Between them they tore the place apart down to the floorboards, and found nothing. No trace of Gabriel ever having been there. Gina sat down heavily, tired and nauseous from the smell. Bomber picked a spot next to her. Sweat dripped down his face.
“Maybe . . .” He shrugged. “Maybe my source was wrong. If he was here, he should’ve left some trace, and I’m not seein’ any.”
“Maybe, maybe not,” she countered. “Could be we’re just being too simple about it. You said this place had squatters in it, and we don’t know how many people before that. They’d have found anything obvious and sold it.”
“Yeah, but can you imagine tryin’ to search this place for a hidden button? I didn’t exactly bring high-tech scanning gear.”
“We might not have to.” She closed her eyes and took a deep breath. If she had a link to Gabriel in her head, and he could use it to spy on her, there wasn’t any reason why she couldn’t use it on him. She pretended the Spice trance was on her, and reached inside where the little flicker of him would be.
The burnt city flashed in front of her eyes, ash people dancing in the wind, but she shook it off and swallowed her distress. Pushing further. The link gave way as if it were only a rusty door. The last bit of resistance disappeared. She stumbled inside, felt him looking up in surprise from a book of numbers. Sent him a little mental wave. Quickly, she thought and dove into his memory.
Years of sounds and images passed by her, too fast and jumbled to make out. She only slowed down when she recognised the little flat in Austin, if only by the painted-over windows. It was clean now. Chemically clean, with electronic equipment strewn about the place, and a small chemical set on a table in the corner. She delved further with lightning speed. Gabriel was overcoming his surprise, resisting her probe. Not much time left.

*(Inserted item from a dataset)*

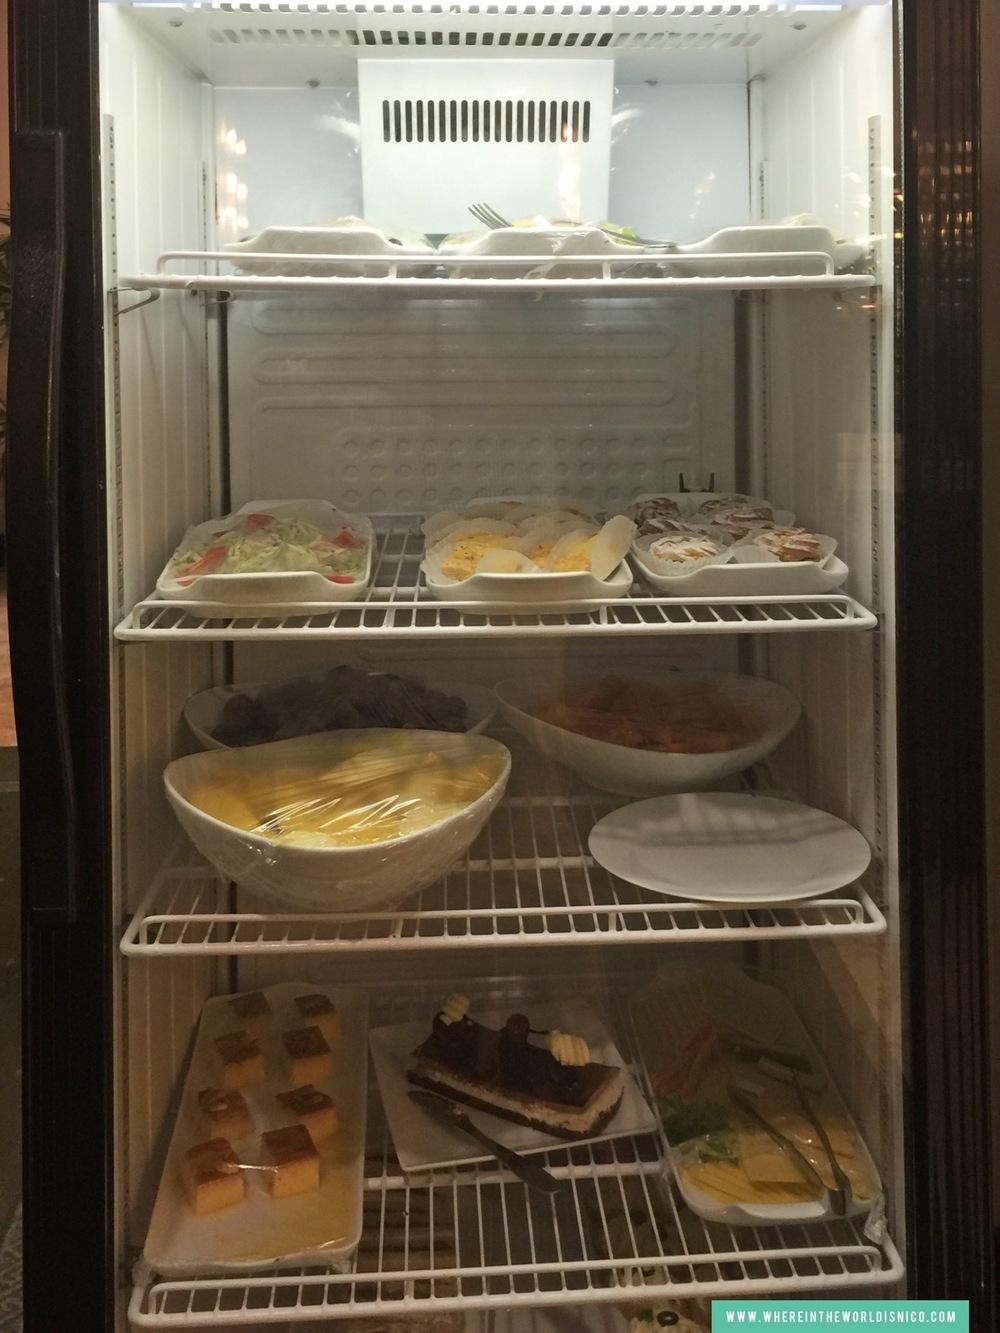 lotus-lounge-cmb-dessert-fridge.JPG

She watched him pop loose one of the floorboards, watched him hide a small plastic bag underneath making sure nobody else saw him. Then he quietly nailed the board back into place. Slight edge of nervousness in his jerky movements. Gina seized on the image, committed it to memory — and the next moment found herself ungraciously booted back to the real world with a splitting headache pounding between her ears.

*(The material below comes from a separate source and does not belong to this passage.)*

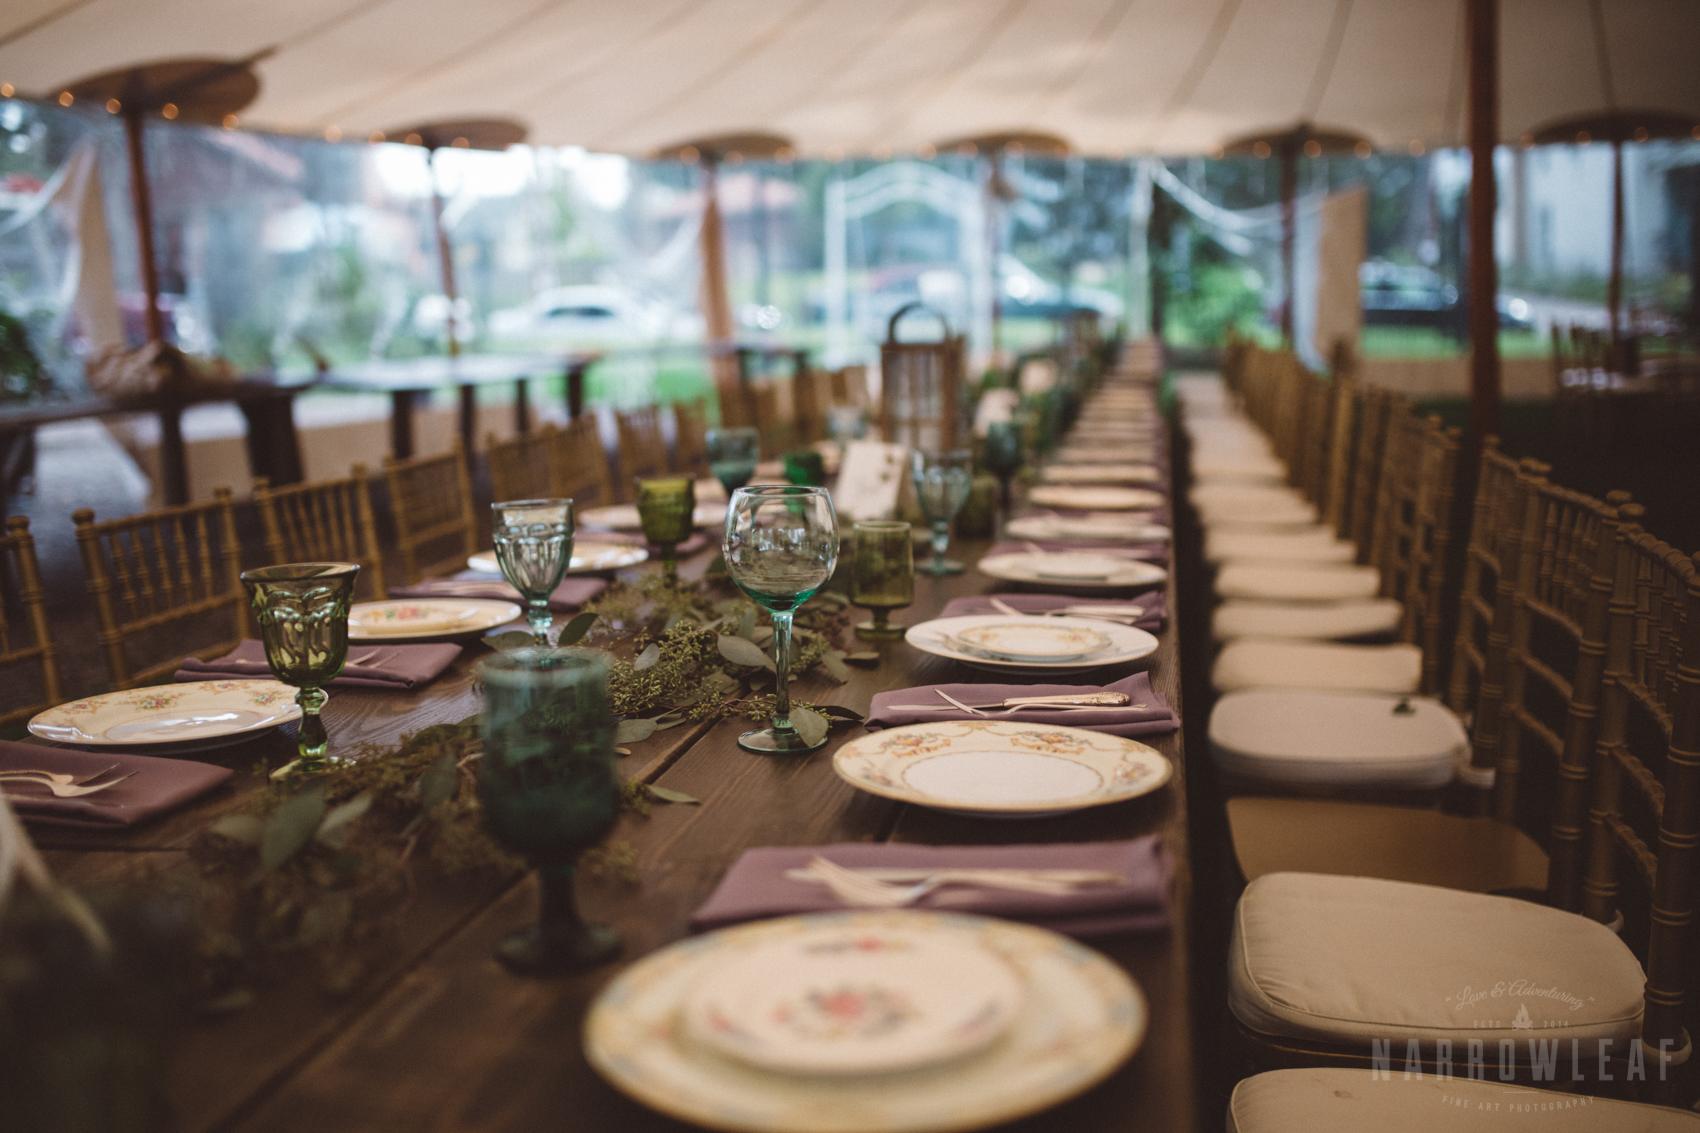 Lake-Geneva-Wisconsin-Wedding-dinner-outdoor-reception-3537.jpg

Still, the headache didn’t diminish her sense of victory. She’d done it. Not quite sure what she’d done or how, but whatever it was, it had been done. The only thing she could make out from Gabriel now was a reproachful feeling of, Don’t try that again.
Getting up, she found the rotted floorboard, pulled it loose of its nails and grabbed the still-decaying bag. “Let’s go,” she told Bomber hurriedly. “He knows where we are now.”
“What? What the hell just happened?” he asked, following behind.
She smiled over her shoulder, hitting the stairs at a run, and gasped, “When I find out, I’ll let you know!”